When you write out the listing below, keep each word exactly as it stands and drop the pictures.
===== GIVEN MATERIAL =====
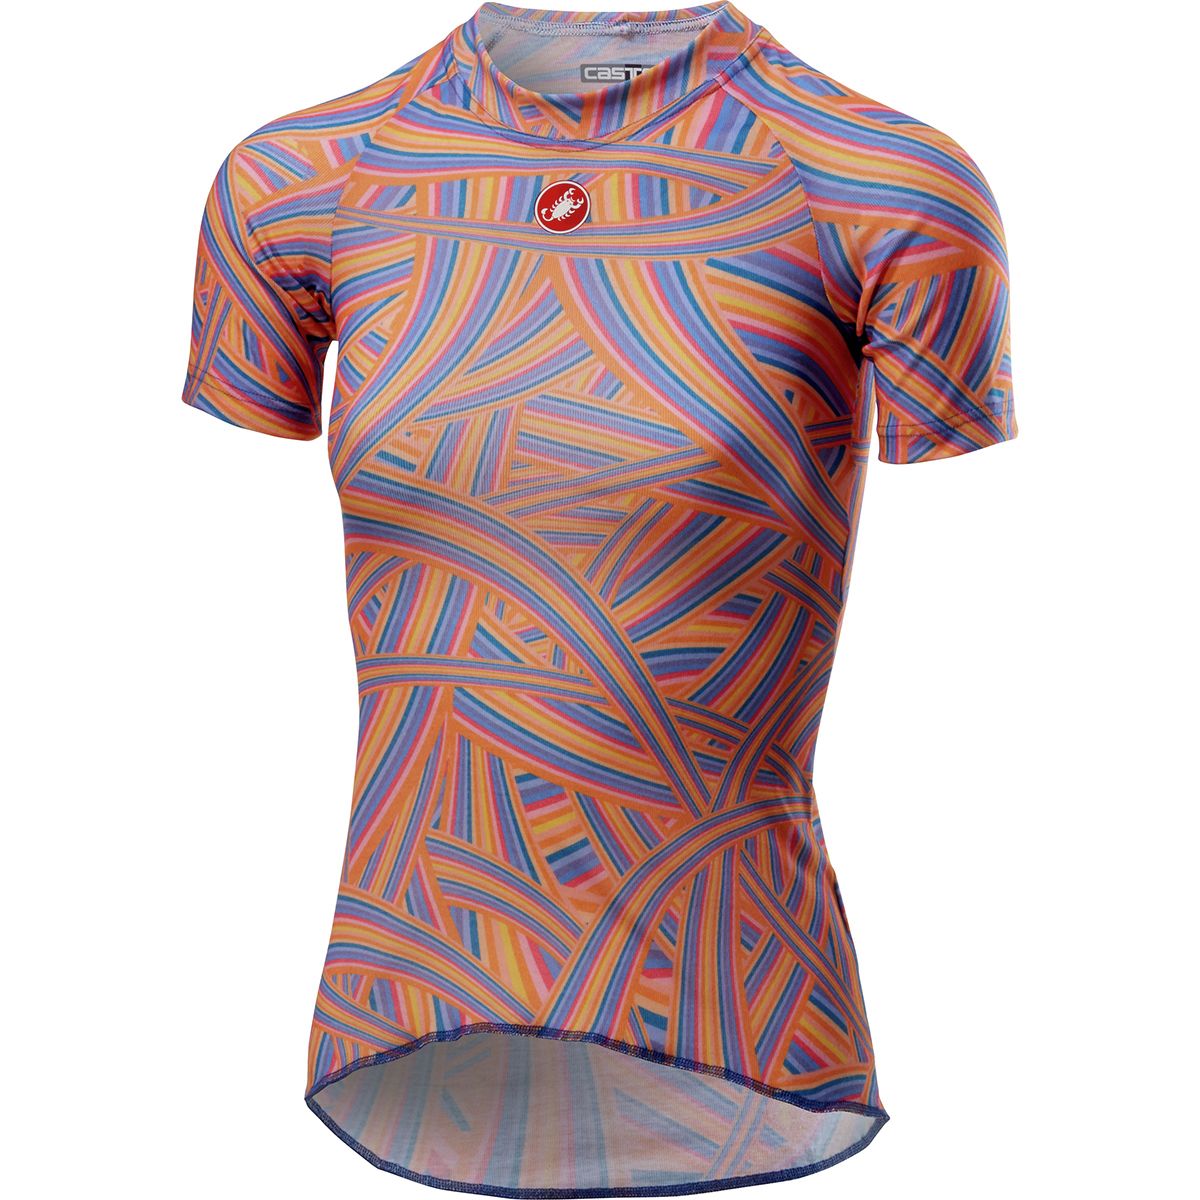 Castelli Prosecco R Short-Sleeve Base Layer Top - Women's
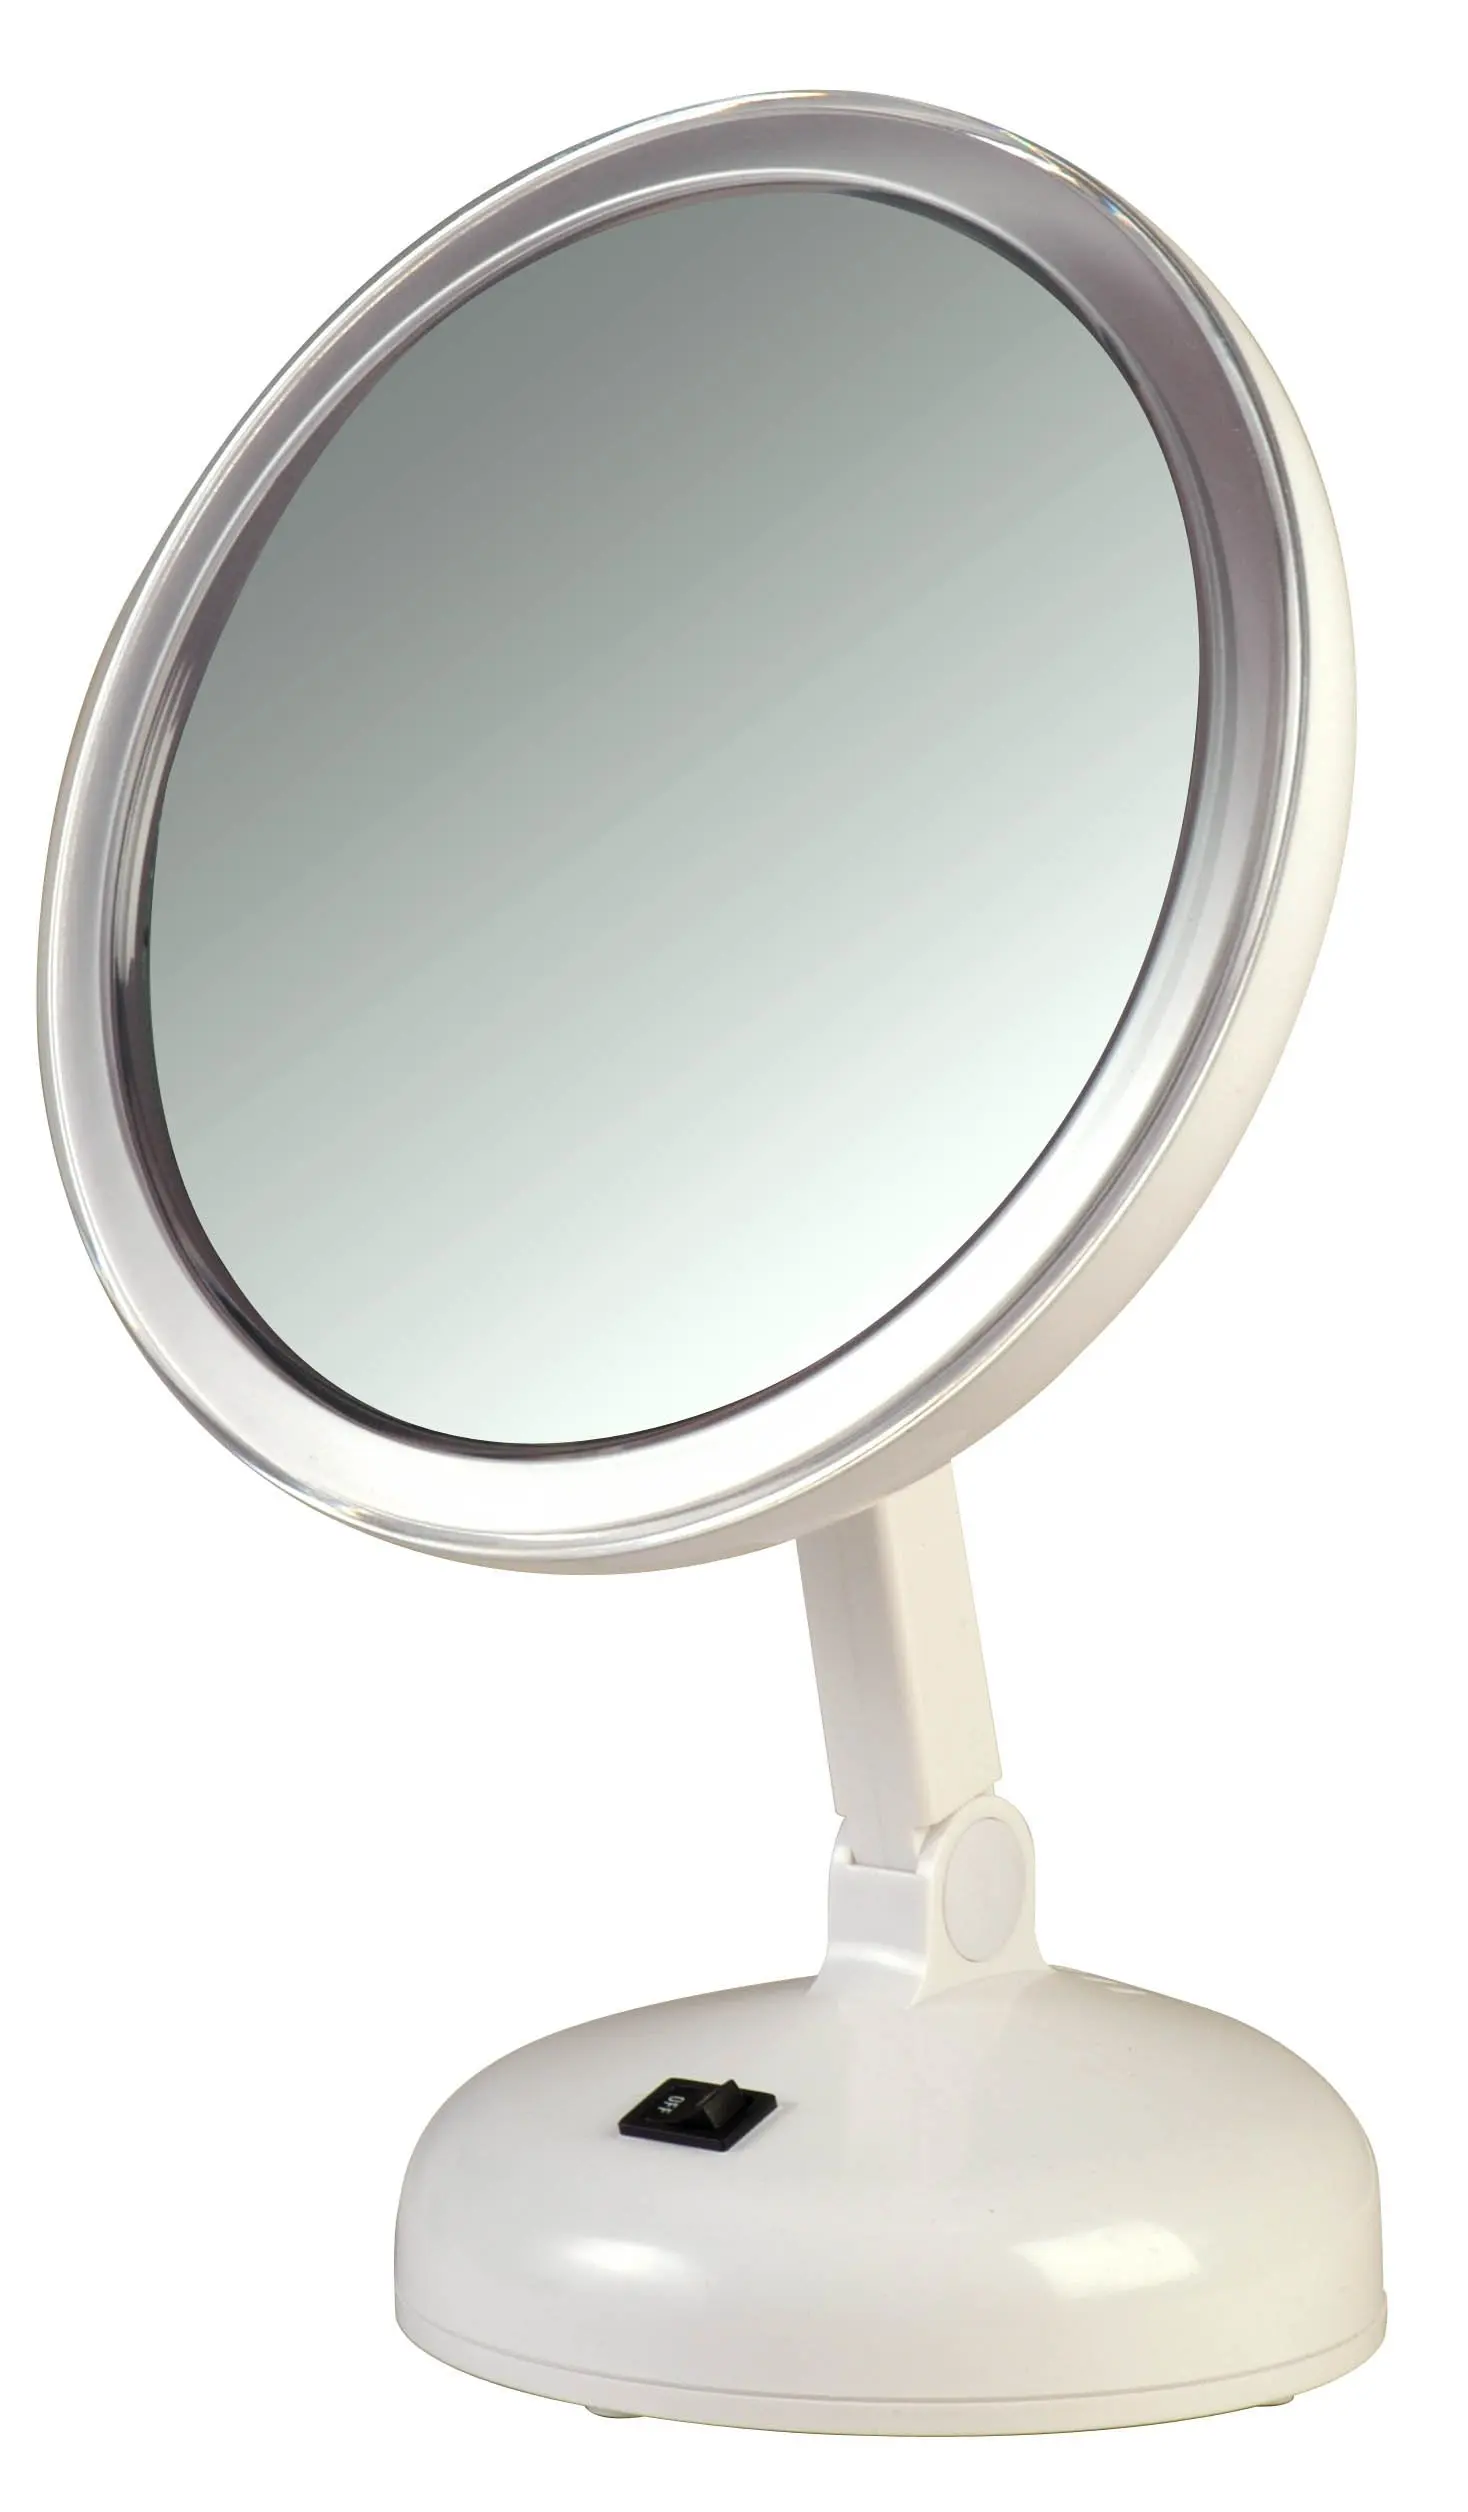 Floxite 7504-12l 12x LED Lighted Folding Vanity and Travel Mirror White Froste
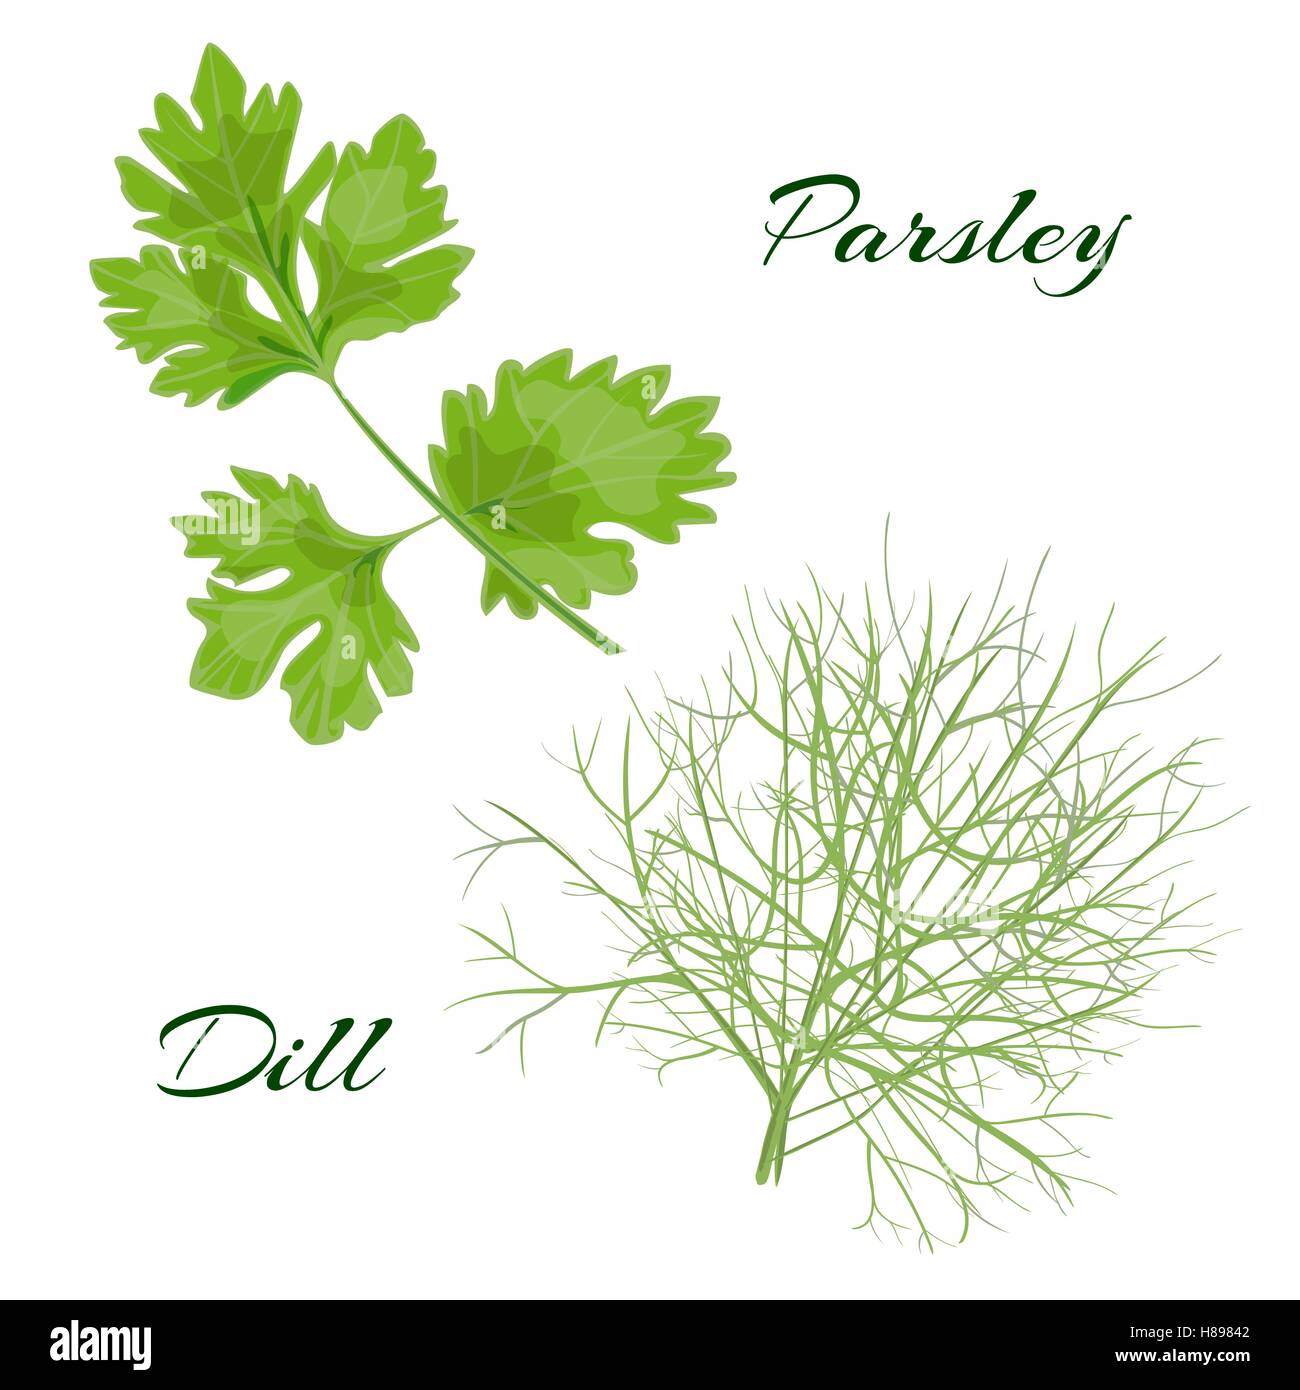 Parsley and dill. fresh cooking herbs. Vector illustration Stock Vector
=====
(EXERCISE RESPONSE)
 Castelli Prosecco R Short-Sleeve Base Layer Top - Women's
 Floxite 7504-12l 12x LED Lighted Folding Vanity and Travel Mirror White Froste
 Parsley and dill. fresh cooking herbs. Vector illustration Stock Vector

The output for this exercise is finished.